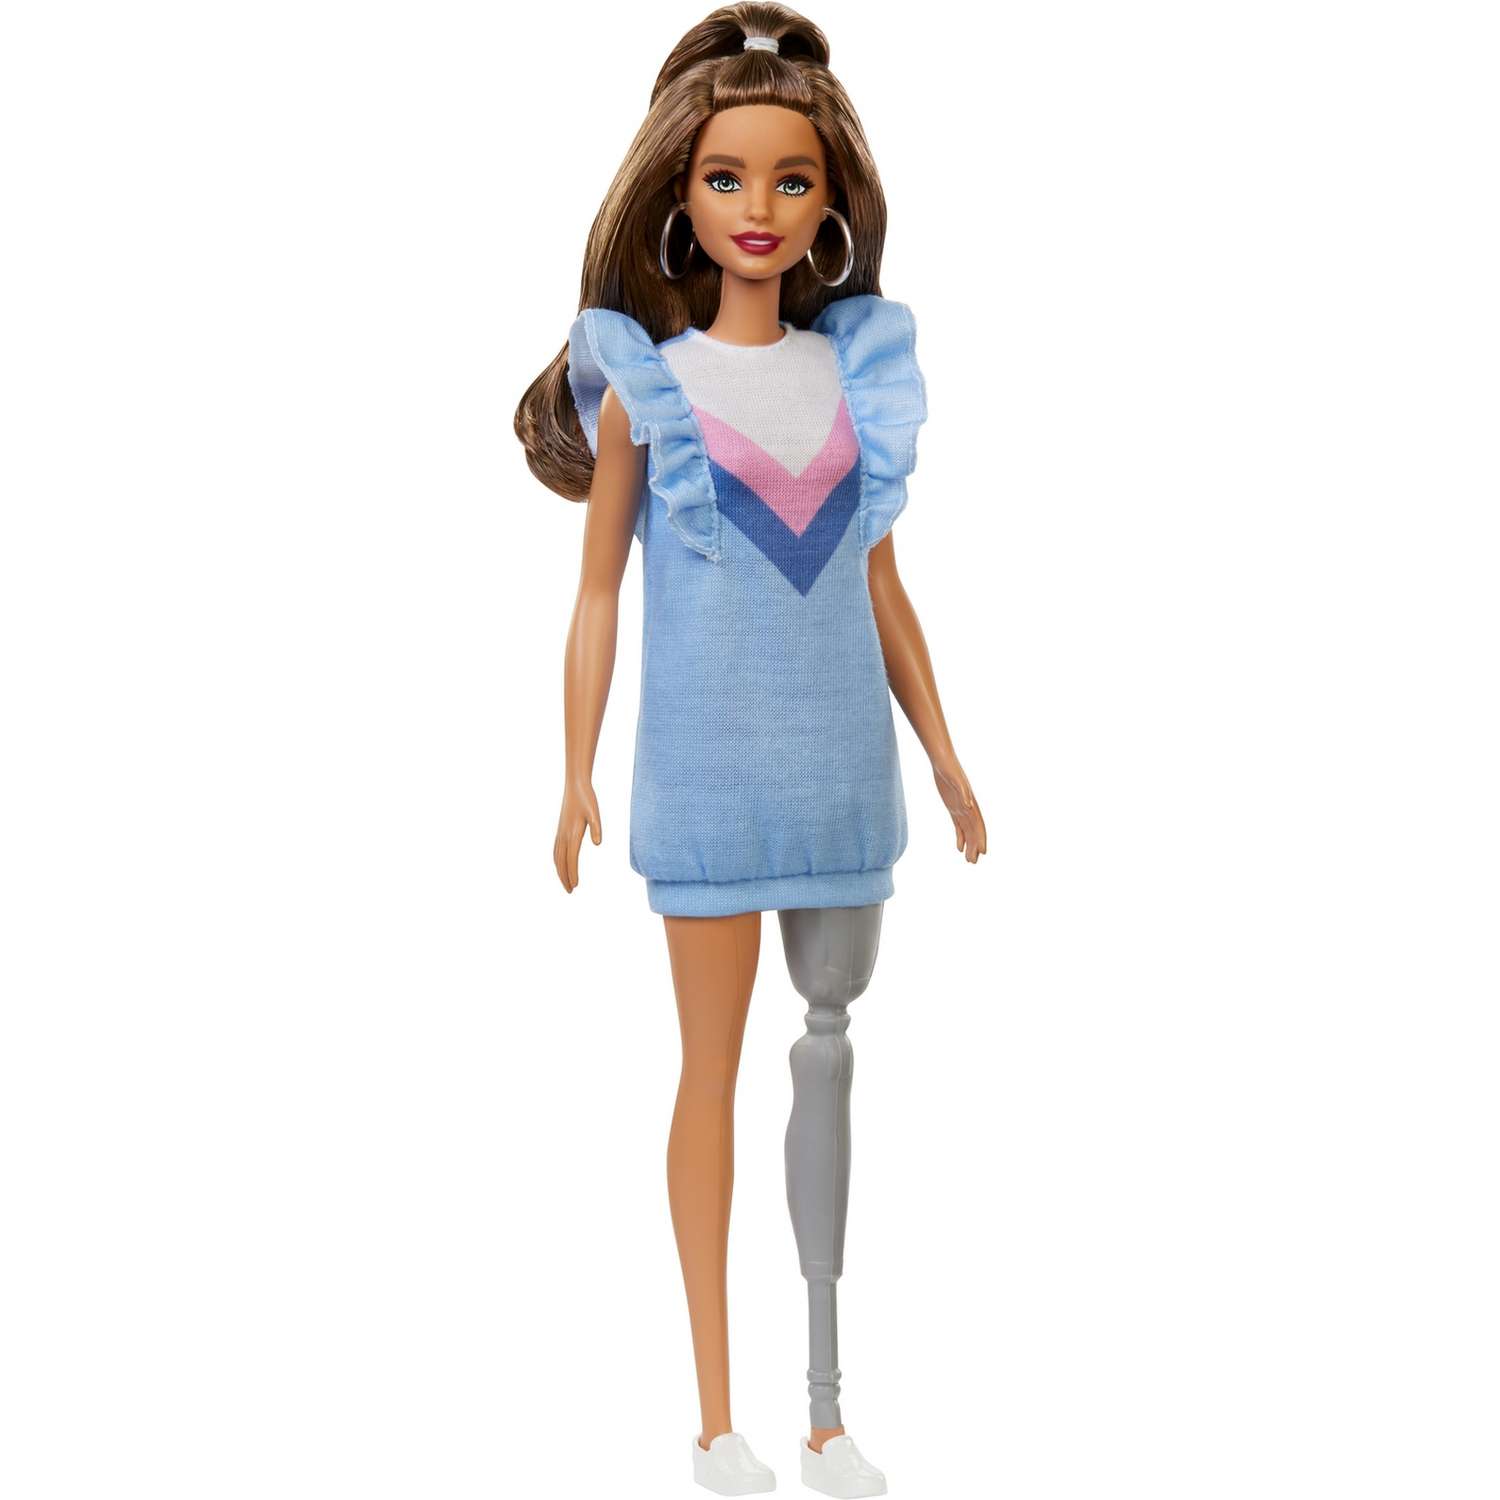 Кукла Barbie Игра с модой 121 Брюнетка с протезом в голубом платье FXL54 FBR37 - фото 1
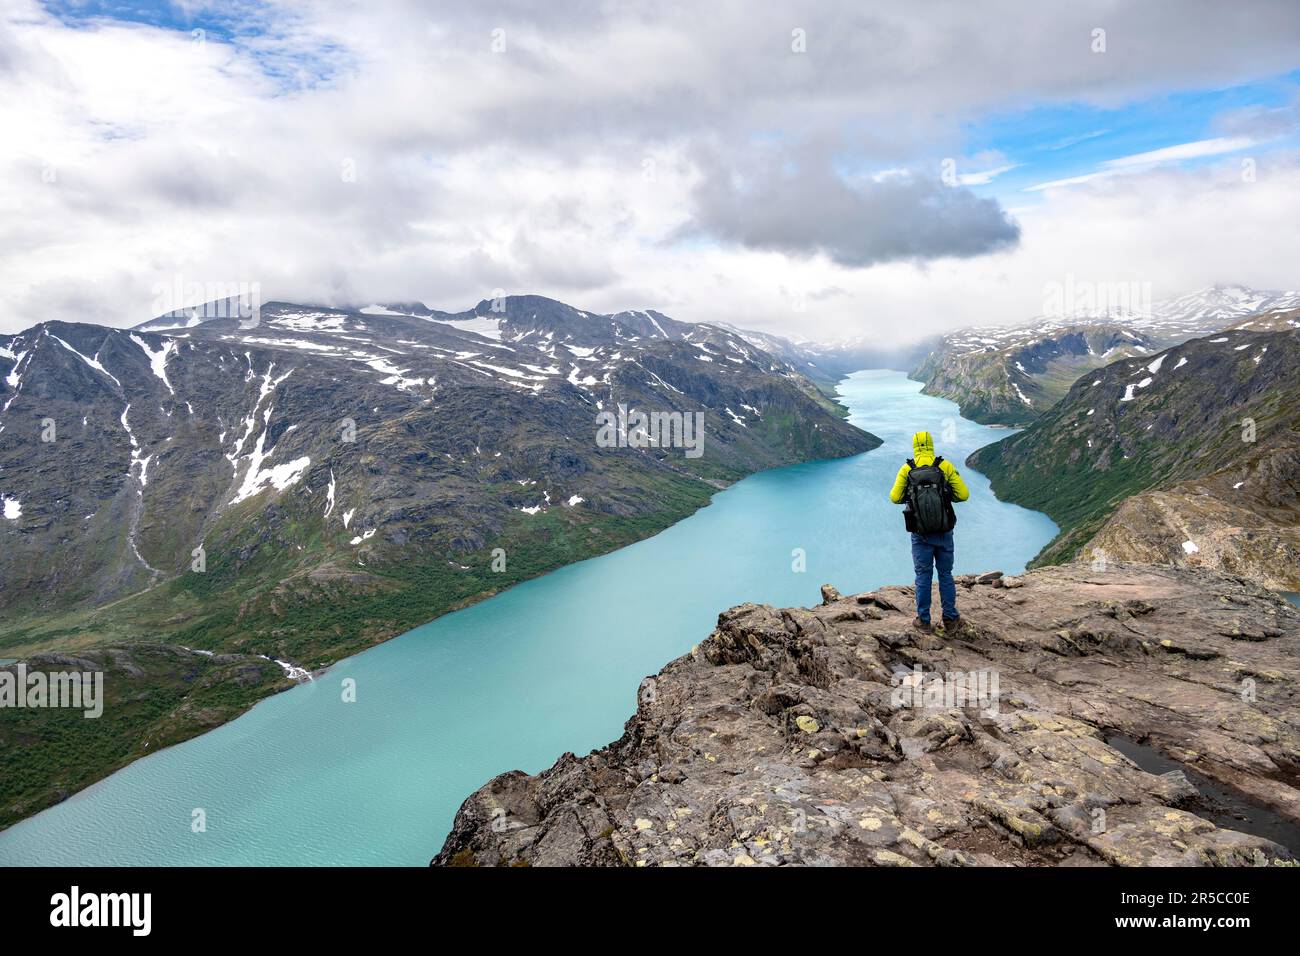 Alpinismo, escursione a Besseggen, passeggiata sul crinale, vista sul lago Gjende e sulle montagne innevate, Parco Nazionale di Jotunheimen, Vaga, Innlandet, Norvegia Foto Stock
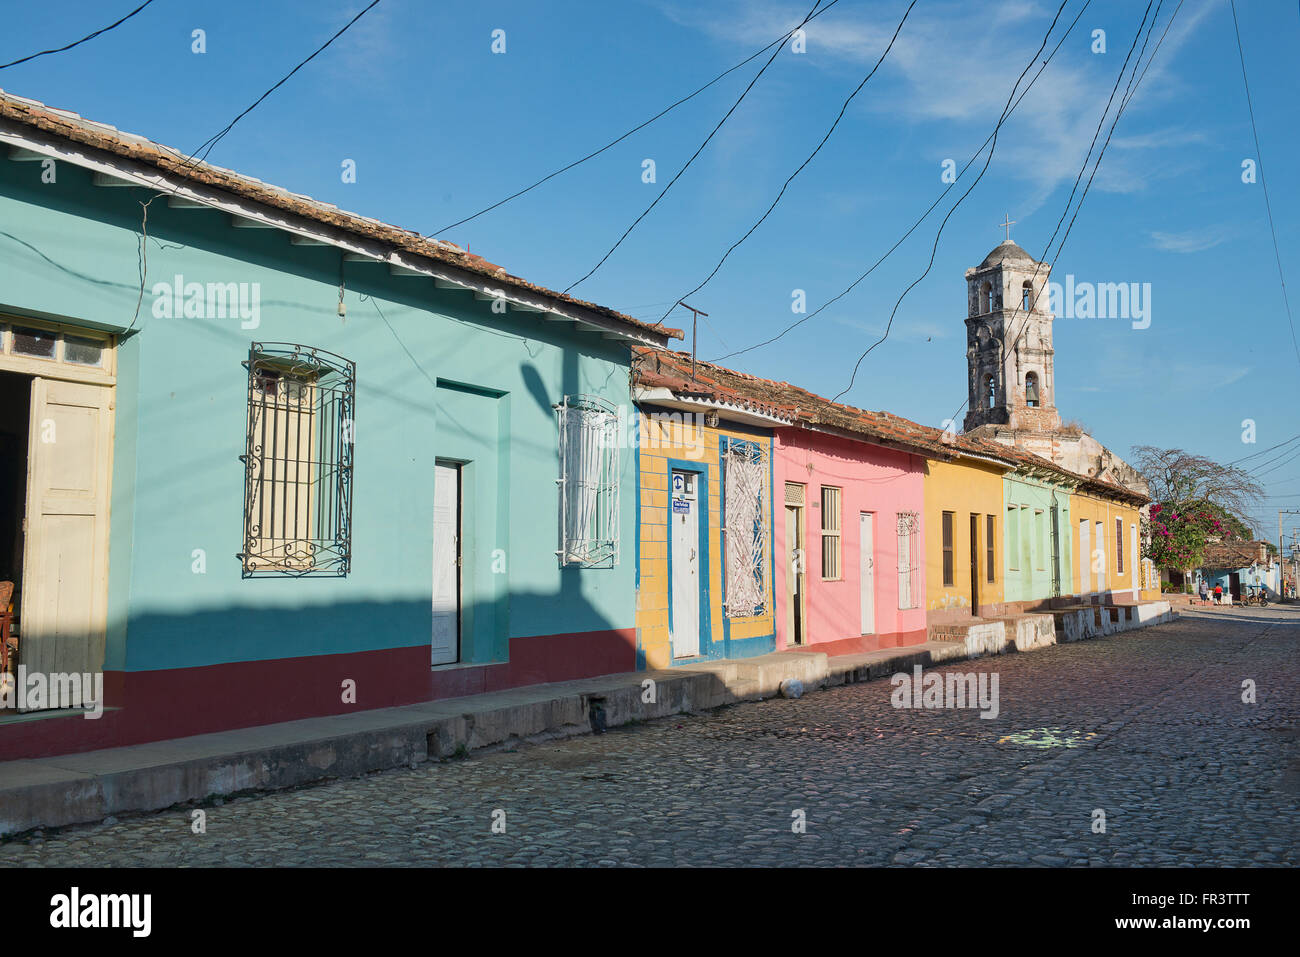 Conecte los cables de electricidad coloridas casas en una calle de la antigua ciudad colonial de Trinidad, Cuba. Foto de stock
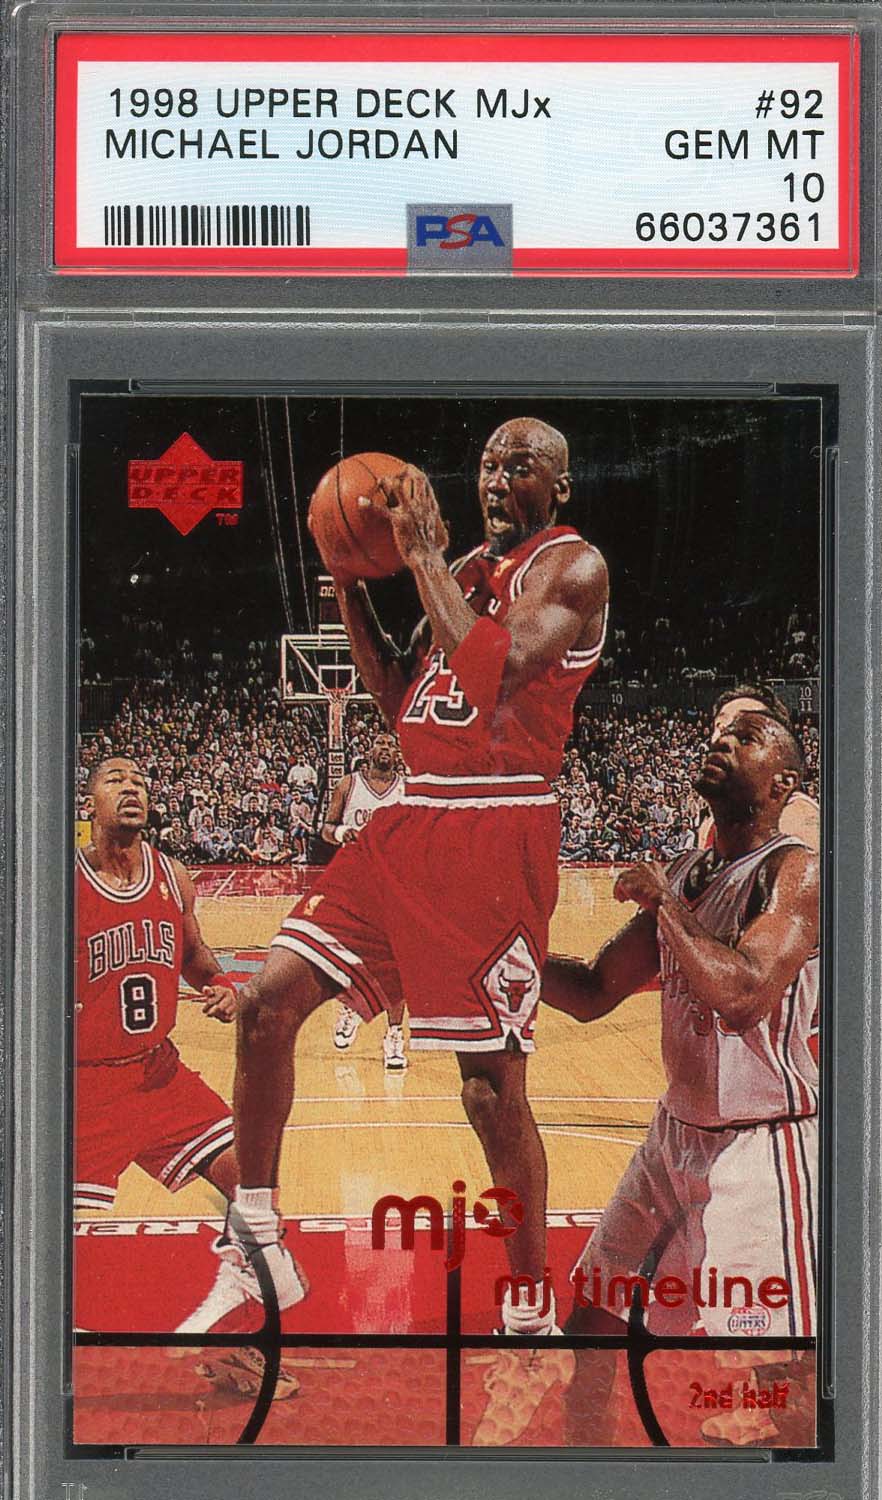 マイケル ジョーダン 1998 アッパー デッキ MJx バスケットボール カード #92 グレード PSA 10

**********

> _TASK REQUIREMENTS_
Everything from the line with "Conecte los cables" through the last line of the listing above is to be copied exactly, both ends included, except the pictures.

> _WRITTEN ANSWER_
 Conecte los cables de electricidad coloridas casas en una calle de la antigua ciudad colonial de Trinidad, Cuba. Foto de stock
 マイケル ジョーダン 1998 アッパー デッキ MJx バスケットボール カード #92 グレード PSA 10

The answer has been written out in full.